This conceptual section of Smith's presentation ended with a proposed framework for metadata. The librarian constructs the mappings that constitute metadata, while the user is able to examine a particular view of metadata which may depend on the user's domain of interest, or level of expertise. The framework has similarities to the distinction between logical and conceptual levels of data modeling. A satisfactory metadata framework must be able to represent any concept that may be used to describe any aspect of an information object's structure, content, or context.
Central to the proposed framework is the formal concept of an R-structure, or representational structure, a very general formalization that can be applied to any form of human knowledge. At the core of an R-structure are three concepts. First, the domain defines the structure's syntax; for example, the domain of the structure polygon is an ordered sequence of coordinate pairs representing the polygon's vertices. Second, transformations define the operations that are valid on a given domain, and thus give meaning to its elements. For example, the transformations for the domain "polygon" include "area", "centroid", and "circumference". Finally, instances of a domain define actual polygons. R-structures readily accommodate hierarchies, and thus the different levels of abstraction that are inherent in metadata as defined earlier.
A catalog can be viewed as a large set of R-structures, representing the structure, content, and context of each object. R-structures can readily accommodate both digital and non-digital objects. Finally, the catalog itself can be viewed as a single R-structure, with associated admissible transformations.

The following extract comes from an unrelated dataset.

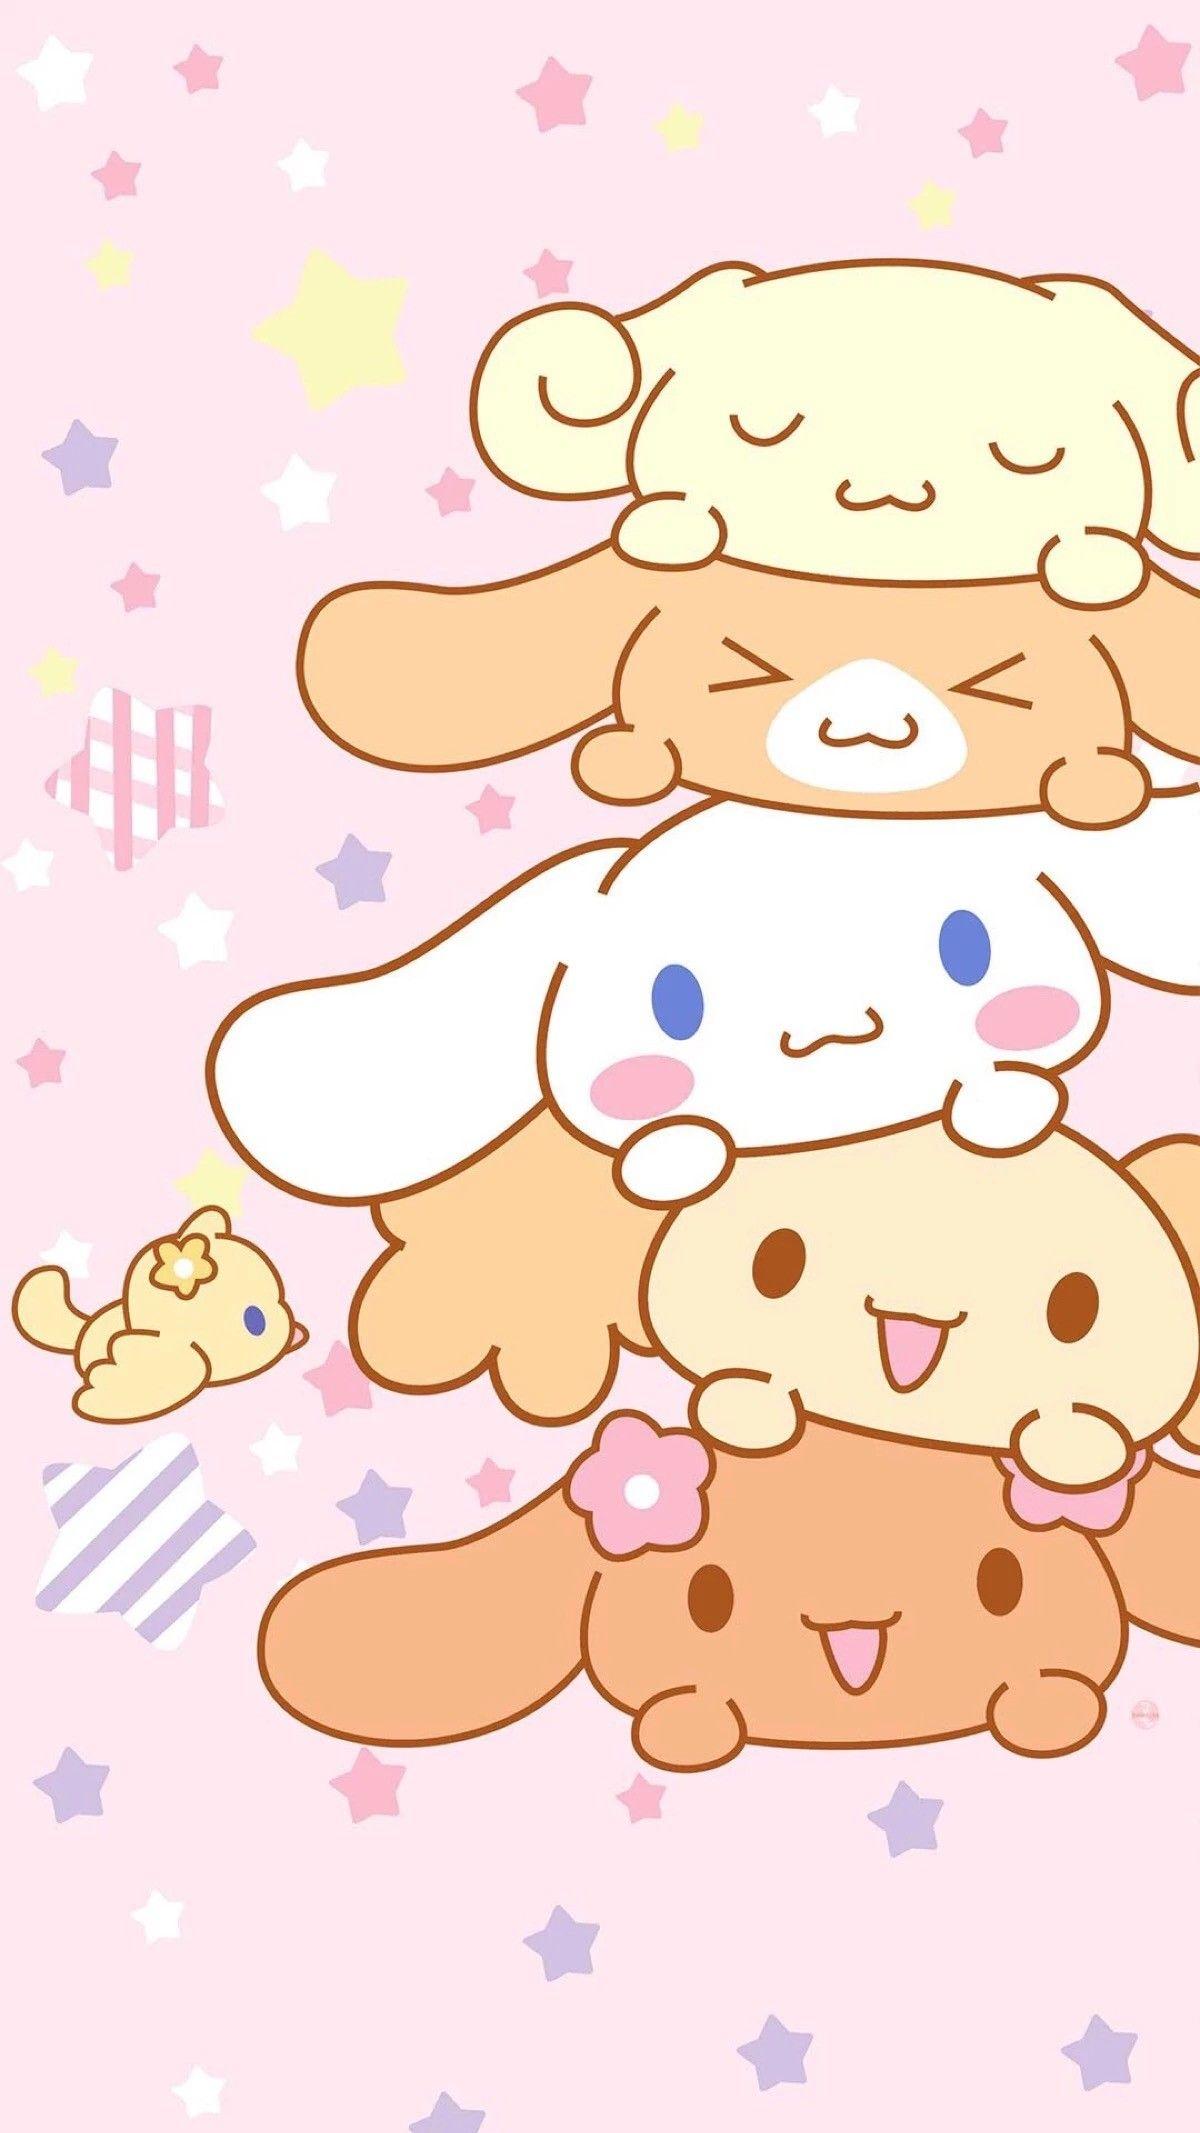 Sanrio Pom Pom Purin And Macaron Wallpapers - Wallpaper Cave
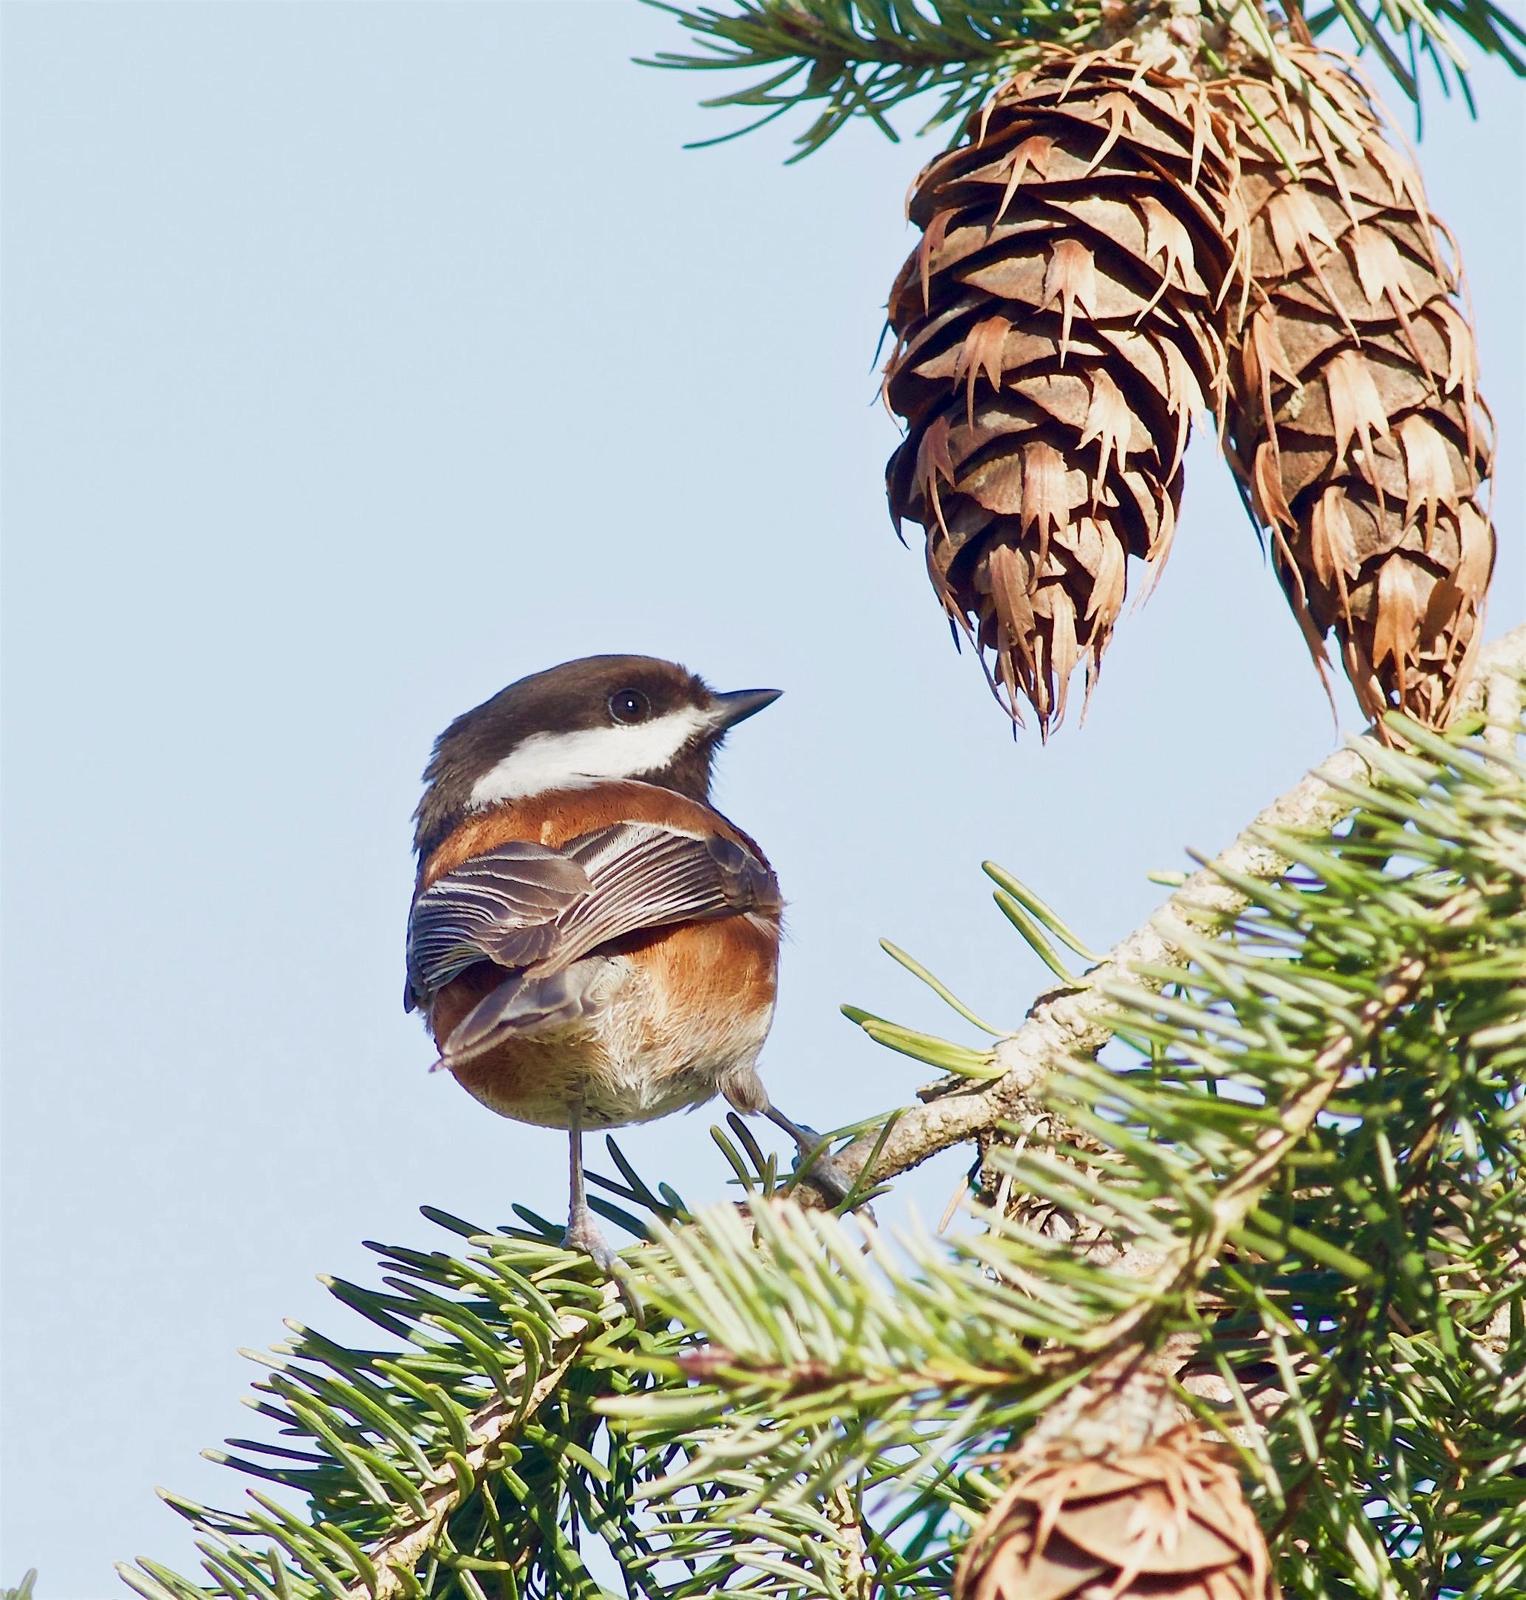 Chestnut-backed Chickadee Photo by Kathryn Keith

Smith showed how it is possible to place the answering of user queries within this conceptual framework. Each query is first translated from a forms-based or natural language interface into available R-structures. In some cases the match to R-structures will be straightforward, but in other cases there may be a range of interpretations to be resolved. A team of librarians might focus on one domain of applications, define classes of queries, design associated R-structures, and design appropriate graphical interfaces.
Several points were raised in response to Smith's presentation. Did the framework of R-structures require objects to have unique IDs, and thus fixed granularity? Did it assume the existence of some group who would determine the admissibility of a representation? How would it be possible to achieve agreement on the definition and meaning of a concept? Do query languages exist to handle the R-structure framework?
While R-structures provide a consistent framework, some of the workshop participants felt that the process of library search was inherently unstructured, and that the important task was therefore not to seek ways of forcing it into a structure in the digital world, but of supporting its essential fuzziness. For example, the concept "urban blight" is not well defined. But enough agreement exists on its meaning between producers and users of information to make it a useful concept. In the process of searching for information the librarian is in a sense an intermediary or broker, helping to identify terms that are sufficiently well defined to support useful search, but not attempting to synthesize more rigorous definitions or to impose them on producers or users. The effort to find a unified view through R-structures was laudable, but was it practical in the near term? Was a theoretical framework also needed for the less structured aspects of library search?
UNDERLYING TRENDS
The six DLI projects are being conducted in a context of very rapid technological change. Indeed, the anticipation of continued rapid change is implicit in DLI, since this research will only lead to practical application in real digital libraries if computing power, storage, and communication bandwidths continue to improve at least at the currently observed rates.
In his opening presentation Terence Smith drew attention to many of the underlying trends that are driving digital library development, and that provide context for this discussion of metadata:
* The volume of data available in digital form continues to increase rapidly. In the specific area of digital geographic data, we anticipate that terabyte databases will become common when the new generation of earth observation satellites comes on line in the next few years.
* Search based on content is becoming increasingly feasible due to continued increases in computing power and the potential to parallelize many algorithms.
* The volume of metadata and catalog information is growing rapidly, thanks in part to the development of tools for automated metadata extraction, which in turn are driving down the costs of cataloging. The initiative taken by the Federal Geographic Data Committee (FGDC) in promoting its Content Standards for Digital Geospatial Metadata (http://GeoChange.er.USGS.gov/pub/tools/metadata/standard/metadata.html) has also stimulated much production of metadata, particularly among federal agencies, as has the discussion of ISO Technical Committee 287.
* New software technologies are creating better opportunities for the assessment of information, mark-up and annotation, informal linkage of information, and capturing of user views.
* There is a proliferation in the number of formats and standards for metadata, and an increase in their complexity, making interoperability a greater imperative.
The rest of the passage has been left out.